Where p = cot x and Q = 4x cosec x

So, Integrating factor (I. F)

= $${e^{\int {pdx} }}$$

= $${e^{\int {\cot dx} }}$$

= $${e^{\ln \left| {\sin \,x} \right|}}$$

= sin x as $$x \in \left( {0,\pi } \right)$$

Solution of the differential equation is

y sin x = $$\int {} $$ 4x cosecx sinx dx + c

$$ \Rightarrow \,\,\,\,$$ y sinx = $$\int {4x\,dx\, + c} $$

$$ \Rightarrow \,\,\,\,$$ y sinx = 4.$${{{x^2}} \over 2} + c$$

$$ \Rightarrow \,\,\,\,$$ y sinx = 2x² + c . . . . . (1)
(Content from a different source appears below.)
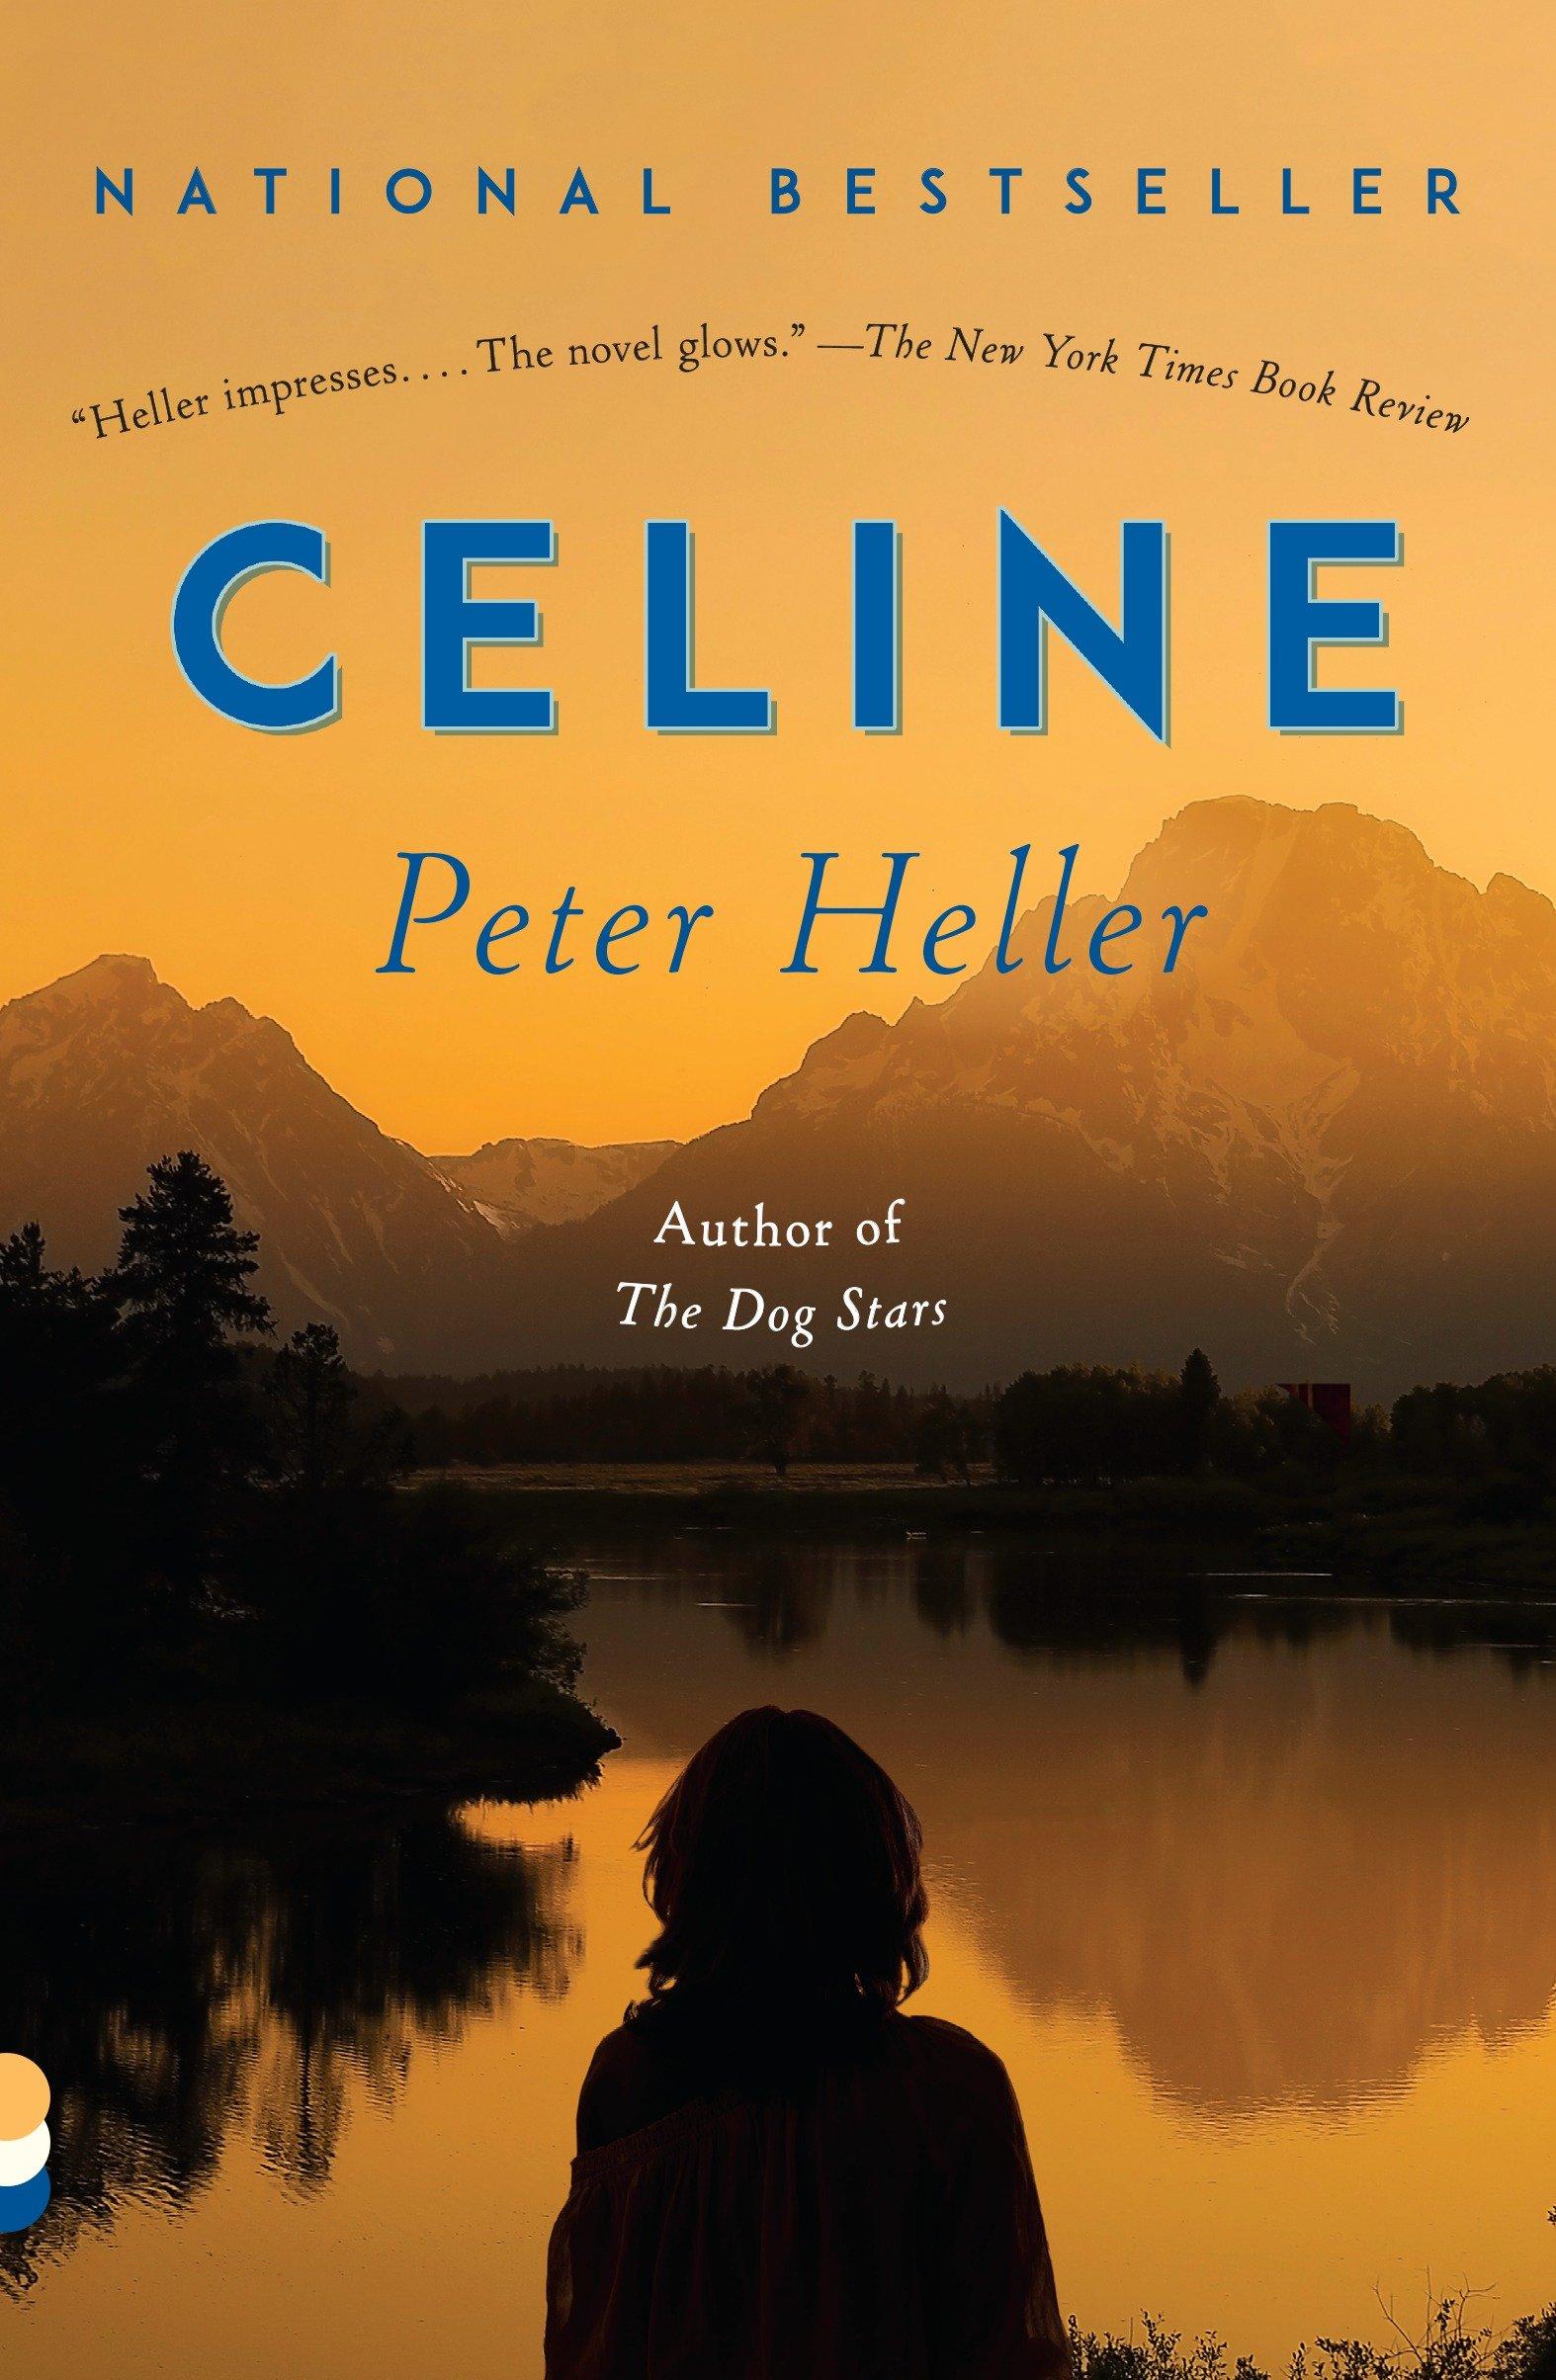 Celine A novel

Given that, $$y\left( {{\pi \over 2}} \right) = 0$$

$$\therefore\,\,\,$$ x = $$y\left( {{\pi \over 2}} \right) = 0$$ and y = 0

Put this x = $${\pi \over 2}$$ and y = 0 at equation (1)

0.1 = 2. $$\left( {{\pi \over 2}} \right)$$² + c

$$ \Rightarrow \,\,\,$$ c =$$ - {{{\pi ^2}} \over 2}$$

So, differential equation is

y sin x = 2x² $$-$$ $${{{\pi ^2}} \over 2}\,\,.....(2)$$

Now we have to find y $$\left( {{\pi \over 6}} \right).$$

So, put x = $${{\pi \over 6}}$$ at equation (2)
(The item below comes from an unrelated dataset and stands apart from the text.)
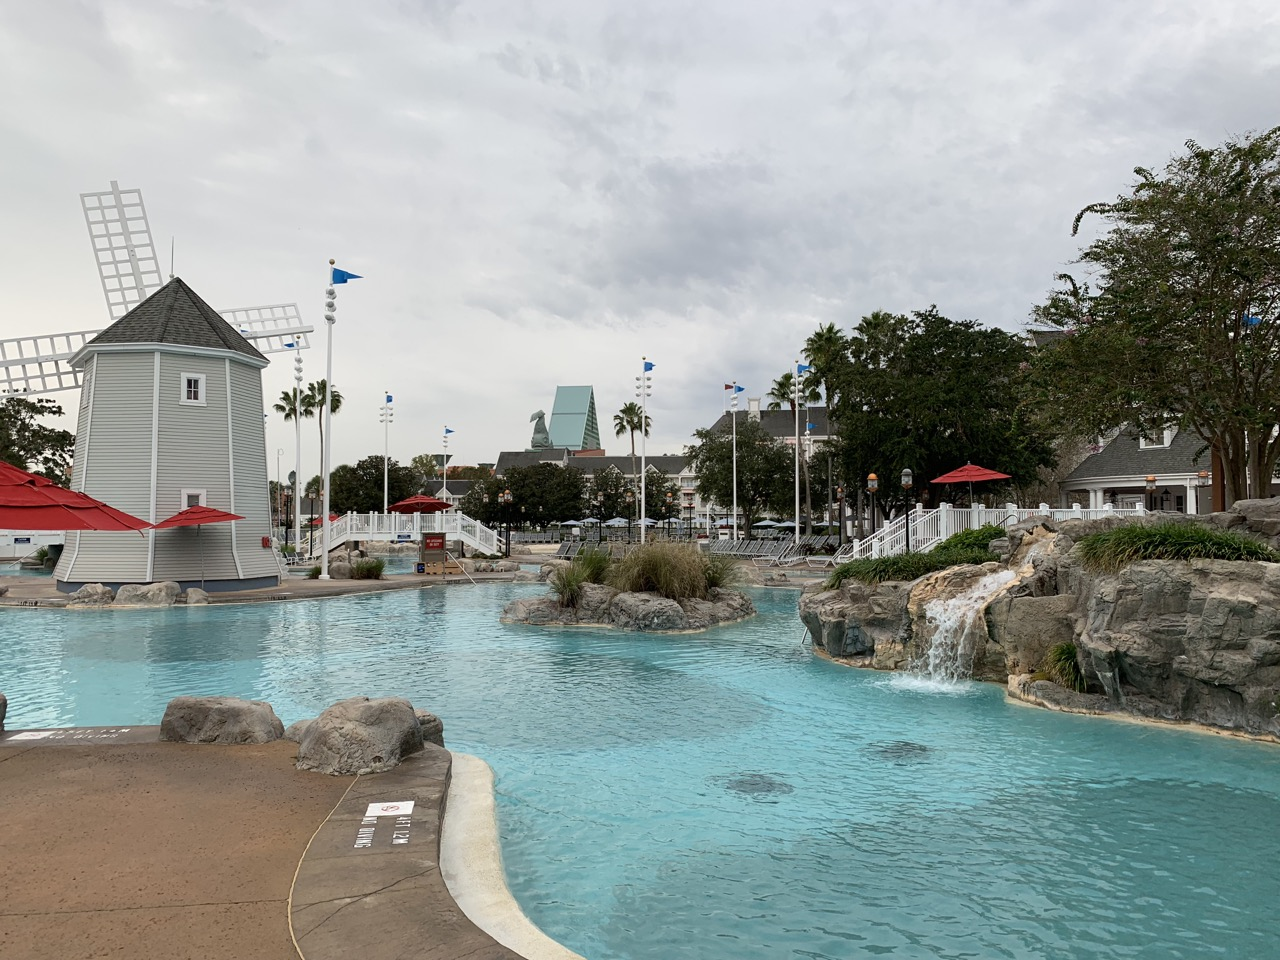 disney world best deluxe resort hotel ranking 06 yacht club stormalong bay.jpeg

y . sin $${{\pi \over 6}}$$ = 2 $${\left( {{\pi \over 6}} \right)^2} - {{{\pi ^2}} \over 2}$$

$$ \Rightarrow \,\,\,\,\,\,\,y.{1 \over 2}$$ = 2. $${{{\pi ^2}} \over {36}} - {{{\pi ^2}} \over 2}$$

$$ \Rightarrow \,\,\,\,\,{y \over 2} = {{{\pi ^2}} \over {18}} - {{{\pi ^2}} \over 2}$$

$$ \Rightarrow \,\,\,\,{y \over 2} = {{{\pi ^2} - 9{\pi ^2}} \over {18}}$$

$$ \Rightarrow \,\,\,\,\,y = - {{8{\pi ^2}} \over 9}$$